La Chiesa italiana dedica all'accoglienza la Giornata per la salvaguardia del creato
◊ Domani si celebra la VI edizione della "Giornata per la salvaguardia del creato", occasione per ricordare “ che ci sono campi, dove l’impegno tra le Chiesa cristiane può far crescere la comunione” e lo scambio ecumenico: lo sottolinea all'agenzia Sir, don Gino Battaglia, direttore dell’Ufficio Cei per l’ecumenismo e il dialogo interreligioso. Dal 30 settembre al 1° ottobre si terrà quindi un convegno a Rossano Calabro, cittadina, “dove si vive un’esperienza di accoglienza e di integrazione dei rifugiati, unica in Italia” spiega mons. Angelo Casile, direttore dell’Ufficio Cei per i problemi sociali e il lavoro. Quest’anno la Giornata, promossa della Commissione Cei per i problemi sociali, ha per tema “ In una terra ospitale, educhiamo all’accoglienza”: la dimensione ecumenica è allora “nella natura stessa di questo appuntamento”, sottolinea don Battaglia. Anche la data di domani assume allora un significato particolare, spiega mons. Casile, “ il 1° settembre gli ortodossi, infatti, celebrano, anch’essi, la Giornata per il creato”. (G.I.)
Salvaguardia del creato. Bartolomeo I: "L'uomo sta distruggendo l'equilibrio dell'ambiente"

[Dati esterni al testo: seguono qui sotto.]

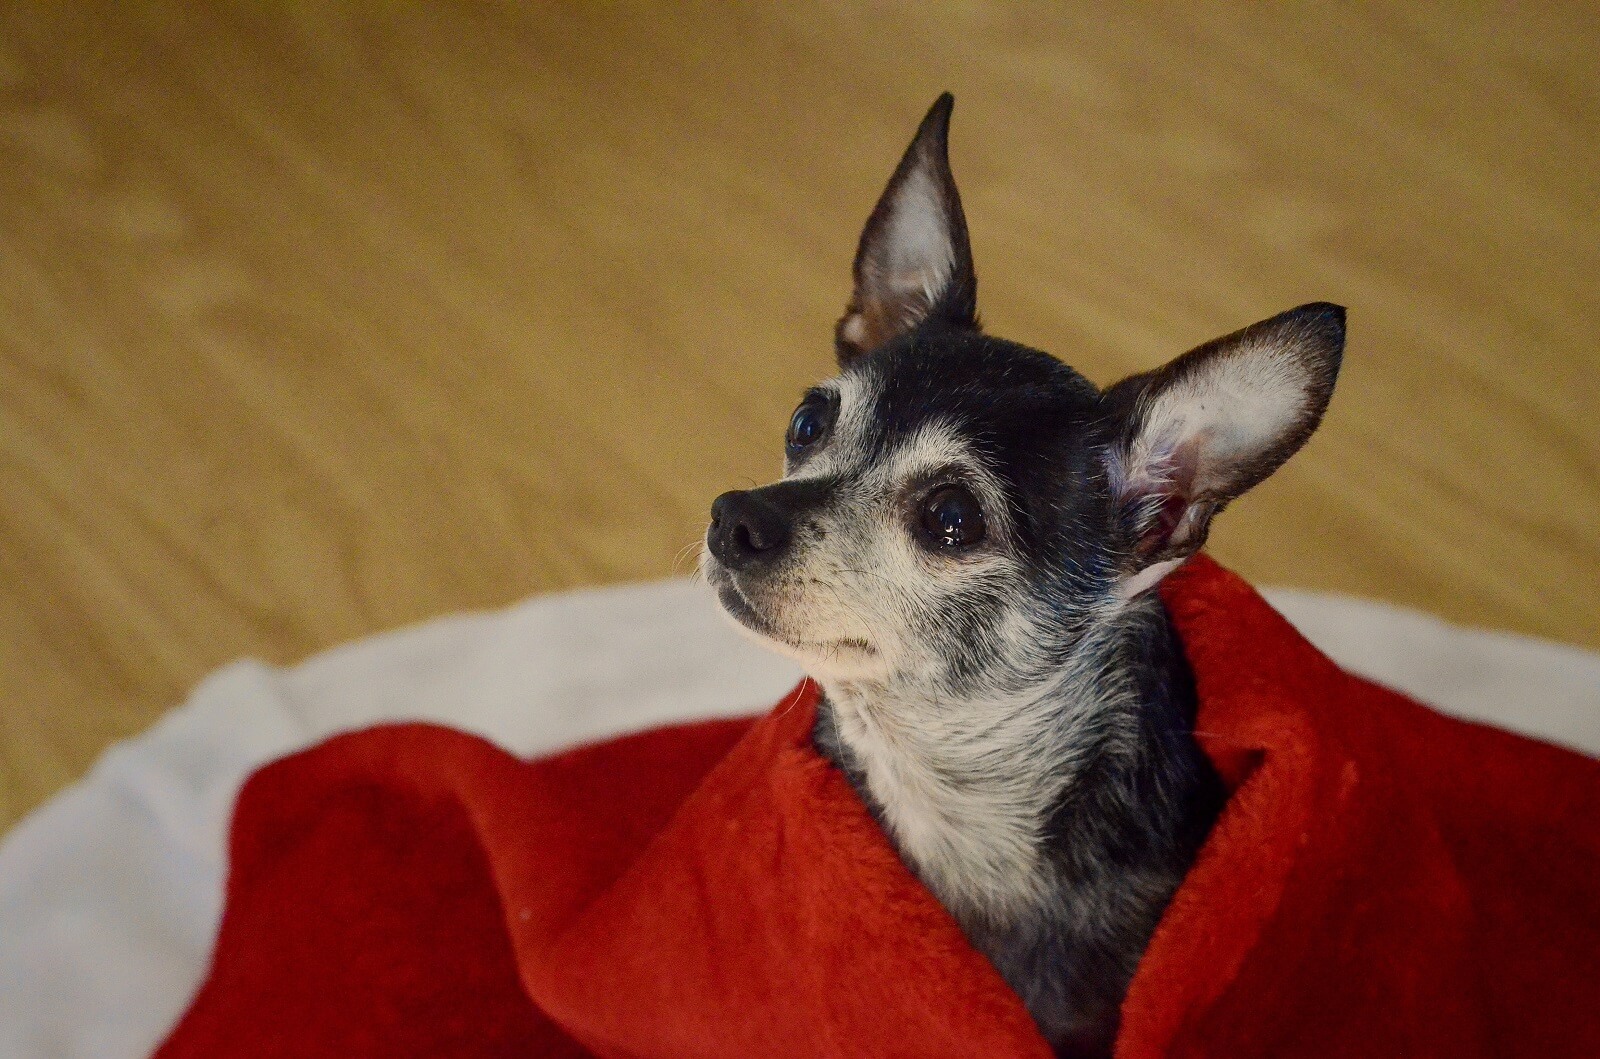 Chihuahua Dog Breed

◊ Non si può più mettere a tacere la distruzione che per “avidità” l’uomo fa dell’ambiente. Un messaggio forte di denuncia quello lanciato dal patriarca ecumenico di Costantinopoli Bartolomeo I per la Giornata per la salvaguardia del creato che anche il Patriarcato ecumenico celebra domani 1° settembre in coincidenza con l’inizio del loro anno liturgico. Il patriarca - riferisce l'agenzia Sir - è sempre stato in prima linea nella promozione di una cultura di rispetto per l’ambiente. E’ chiamato “Patriarca Verde” per i suoi sforzi a favore della salvaguardia del creato, coinvolgendo in questa impresa i più eminenti teologi, ambientalisti e scienziati, ma soprattutto i rappresentanti delle confessioni cristiane e delle religioni del mondo. “Non possiamo rimanere in silenzio – scrive il Patriarca - di fronte al fatto che l’uomo non onora più, come deve, questo dono di Dio e che distrugge l’ambiente per avidità o peggio ancora per fini puramente egoistici. L’uomo – prosegue – ha la possibilità di sfruttare la natura per il suo bene, ma fino a certi limiti. Il superamento però di questi limiti è purtroppo una caratteristica di questi due ultimi secoli di storia del genere umano. Questo fenomeno distrugge l’armonia dei sistemi naturali dell’ambiente, conduce ad una saturazione e ad una necrosi del creato e dell’uomo stesso il quale sopravvive all’interno di un ecosistema il cui equilibrio - conclude Bartolomeo I - è stato irrimediabilmente distrutto”. (R.P.)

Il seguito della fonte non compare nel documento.